Image credit: Pieter Johnson/University of Colorado Boulder
Parasites have a public relations problem.
Unlike the many charismatic mammals, fishes and birds that receive our attention (and our conservation dollars), parasites are thought of as something to eradicate — and certainly not something to protect.
But only 4% of known parasites can infect humans, and the majority actually serve critical ecological roles, like regulating wildlife that might otherwise balloon in population size and become pests. Still, only about 10% of parasites have been identified and, as a result, they are mostly left out of conservation activities and research.
An international group of scientists wants to change that. About a dozen leading parasite ecologists, including University of Washington’s Chelsea Wood, published in the journal Biological Conservation, which lays out an ambitious global conservation plan for parasites.
“Parasites are an incredibly diverse group of species, but as a society, we do not recognize this biological diversity as valuable,” said Wood, an assistant professor in the UW School of Aquatic and Fishery Sciences. “The point of this paper is to emphasize that we are losing parasites and the functions they serve without even recognizing it.”
The authors propose 12 goals for the next decade that could advance parasite biodiversity conservation through a mix of research, advocacy, and management.
“Even though we know little to nothing about most parasite species, we can still take action now to conserve parasite biodiversity,” said Skylar Hopkins, paper and project co-lead and an assistant professor at North Carolina State University.
Perhaps the most ambitious goal is to describe half of the world’s parasites within the next 10 years. Providing taxonomic descriptions allow species to be named, which is an important part of the conservation process, the researchers said.
“If species don’t have a name, we can’t save them,” said Colin Carlson, the other project co-lead and an assistant professor at Georgetown University. “We’ve accepted that for decades about most animals and plants, but scientists have only discovered a fraction of a percentage of all the parasites on the planet. Those are the last frontiers: the deep sea, deep space, and the world that’s living inside every species on Earth.”
Importantly, the researchers stress that none of the parasites that infect humans or domesticated animals are included in their conservation plan. They say these parasites should be controlled to safeguard human and animal health.
The paper is part of an entire special edition devoted to parasite conservation. Wood is the lead author on one study in the collection that finds the responses of parasites to environmental change are likely to be complex, and that a changing world probably will see both outbreaks of some parasites and a total loss of other parasite species.
“We need to recognize that there will be a diversity of responses among parasite taxa and not take for granted that every parasite is dwindling toward extinction or about to cause a major outbreak,” Wood said.
Parasites often need two or more host species to complete their lifecycle. For example, some parasites first infect fish or amphibians, but ultimately must get transmitted to birds to reproduce and multiply. They ensure that this happens through ingenious ways, Wood explained, often by manipulating the behavior or even the anatomy of their first host to make these fish or amphibians more susceptible to being eaten by birds. In this way, the parasite then gets transmitted to a bird — its ultimate destination.
Given this dynamic, Wood and colleagues wanted to see what would happen to the abundance of parasites if the ecosystems in which they live changed. They designed an experiment across 16 ponds in central California’s East Bay region. In half of the ponds, they installed structures such as bird houses, floating perches and mallard decoys intended to attract more birds, thus temporarily altering the natural ecosystem and boosting biodiversity in these ponds.

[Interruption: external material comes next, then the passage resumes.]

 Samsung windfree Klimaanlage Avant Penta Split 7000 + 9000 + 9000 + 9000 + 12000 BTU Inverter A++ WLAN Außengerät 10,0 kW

After a couple of years, the researchers analyzed parasite biodiversity in each of the 16 ponds. What they found was a mixed bag: Some parasite species responded to elevated bird biodiversity by declining in abundance. But other parasites actually increased in number when bird biodiversity increased. The authors concluded that as biodiversity changes — due to climate change, development pressure or other reasons — we can expect to see divergent responses by parasites, even those living within the same ecosystem.

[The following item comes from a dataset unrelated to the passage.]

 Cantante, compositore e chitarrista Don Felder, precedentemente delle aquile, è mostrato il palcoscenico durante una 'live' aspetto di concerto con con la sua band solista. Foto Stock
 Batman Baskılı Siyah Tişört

Traditionally, the field of disease ecology assumes one of two paths: That we are either heading toward a future of more disease and massive outbreaks or toward a future of parasite extinction. This paper shows that both trajectories are happening simultaneously, Wood explained.
“This particular experiment suggests that we need to anticipate both trajectories going forward. It starts to resolve the conflict in the literature by showing that everyone is right — it’s all happening,” Wood said. “The trick now is to figure out what traits will predict which parasites will decline and which will increase in response to biodiversity loss.”

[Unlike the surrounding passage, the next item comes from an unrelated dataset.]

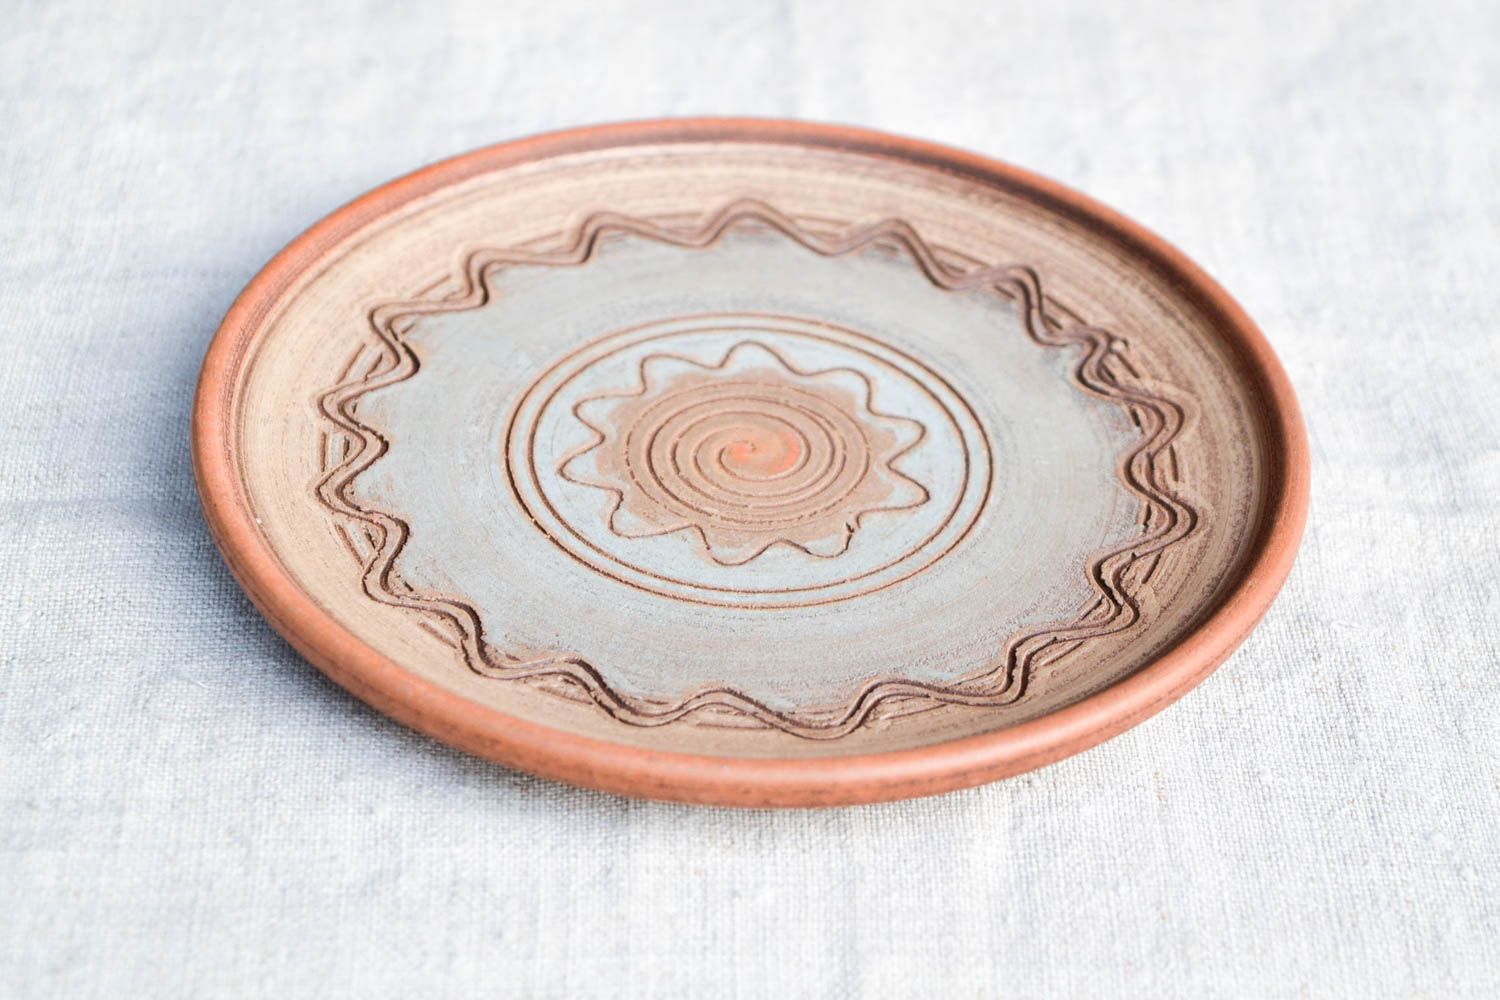 Homemade home decor ceramic plate ceramic dishes souvenir ideas handmade gifts photo 4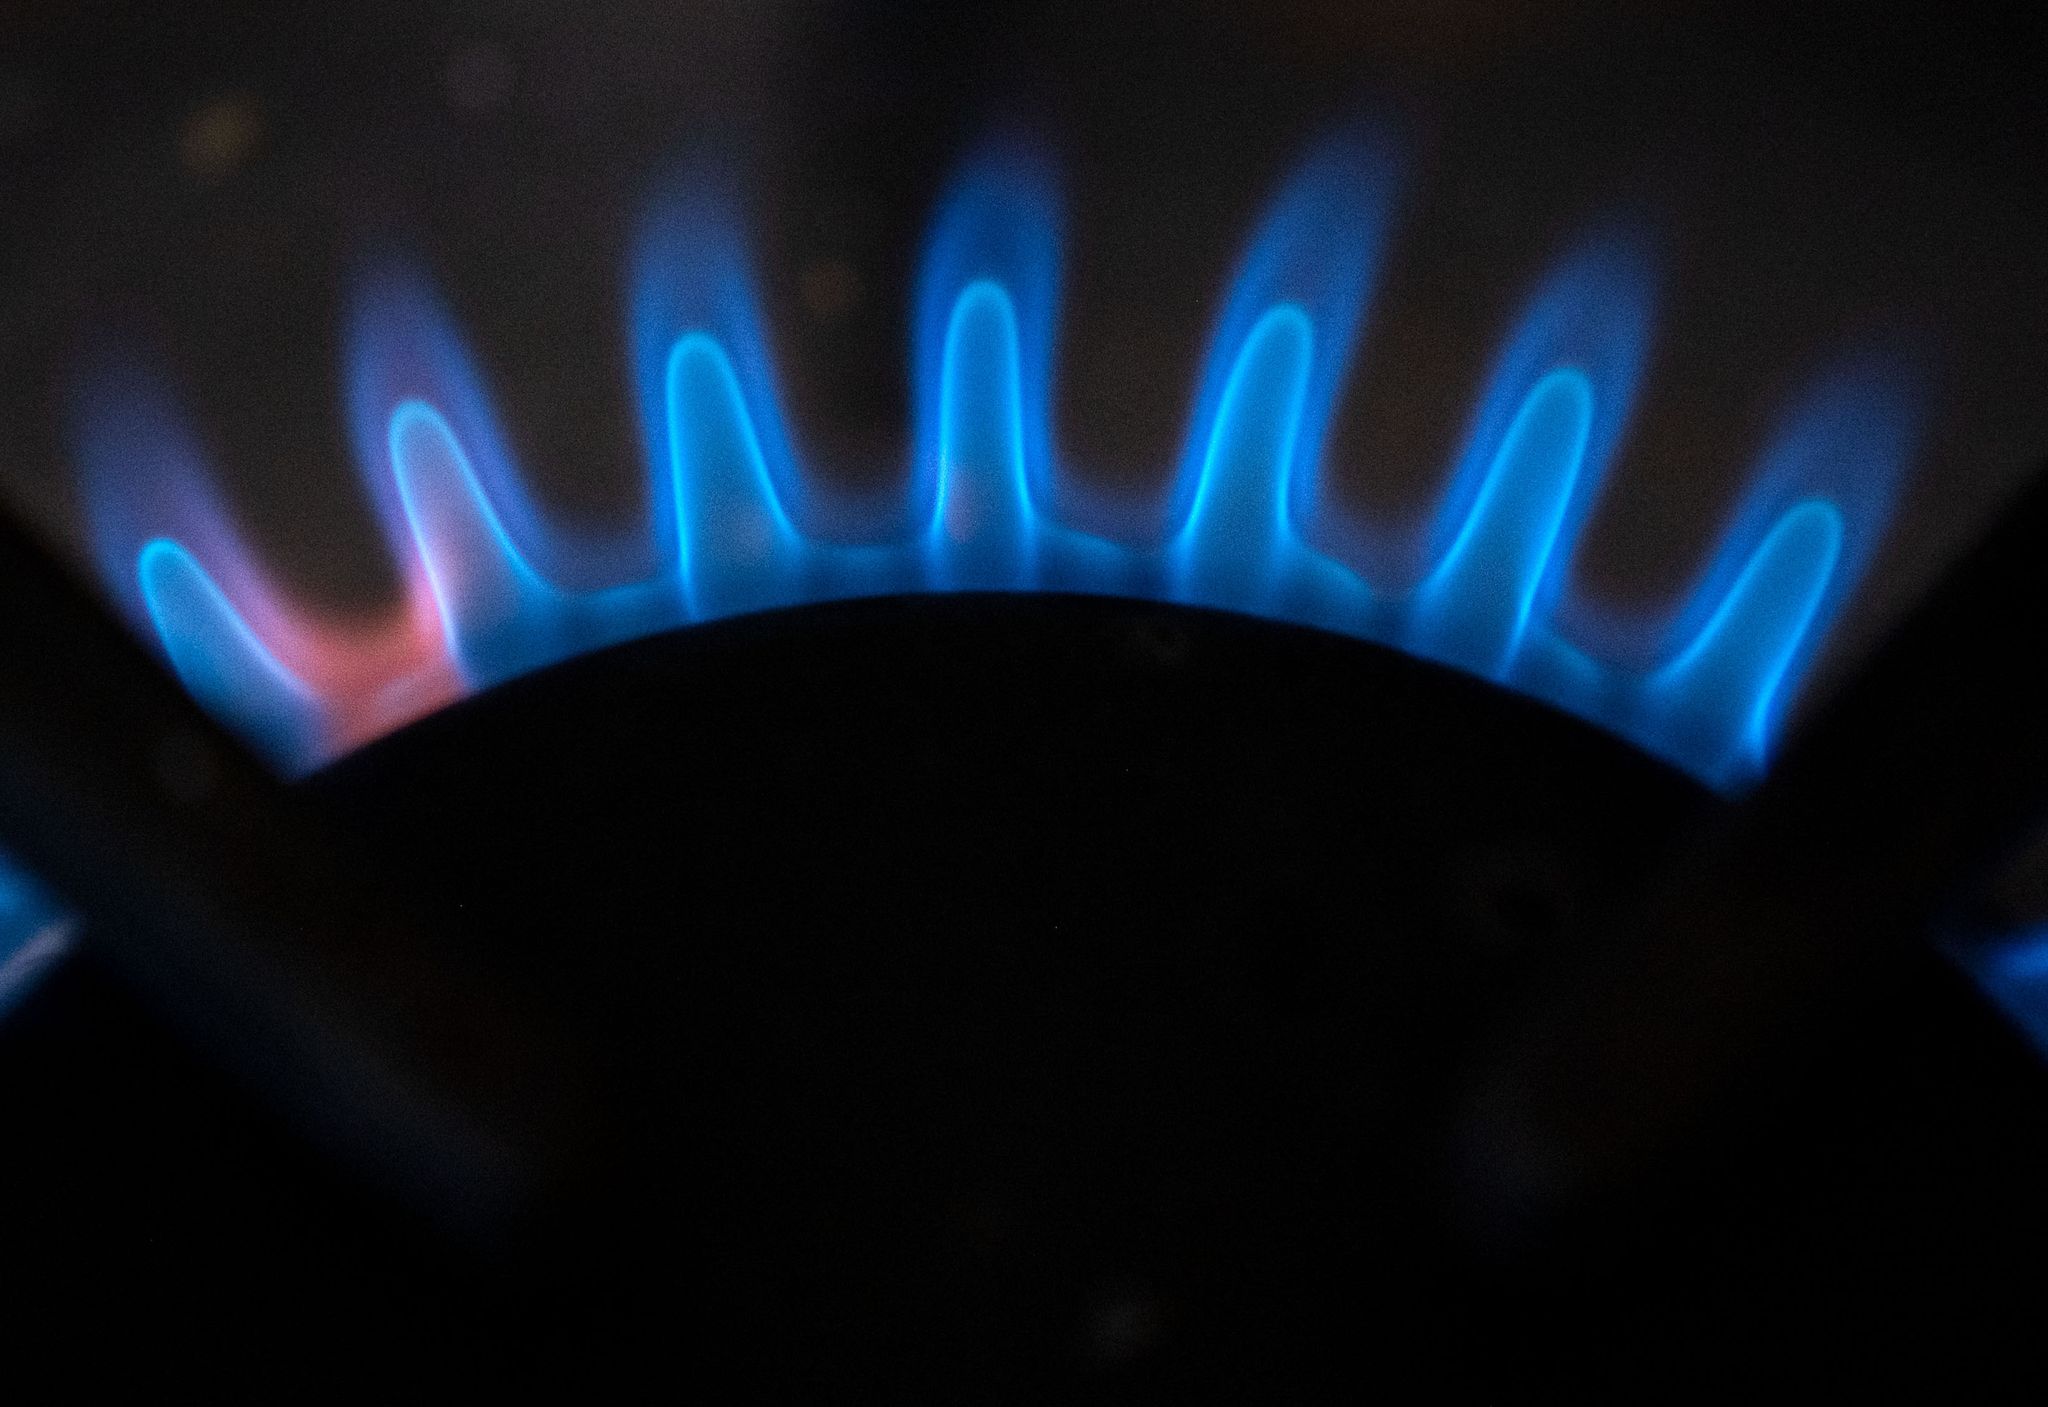 Zur Entlastung der Gas-Kunden will die Bundesregierung die Mehrwertsteuer auf Erdgas auf 7 Prozent senken. Laut YouGov-Umfrage wollen die meisten Verbraucher dennoch Gas einsparen.

Wood’s lab is working on that question now by reconstructing the history of parasites over time, documenting which parasites increased in abundance and which declined. However, there’s almost no historical record of parasites and without this information, it’s difficult to know how to conserve them. By dissecting museum specimens of fish, the researchers are identifying and counting various parasites found in the specimens at different places and times.
“These pickled animals are like parasite time capsules,” Wood explained. “We can open them up and identify the parasites that infected a fish at its death. In this way, we can reconstruct and resurrect information that previously we didn’t think was possible to get.”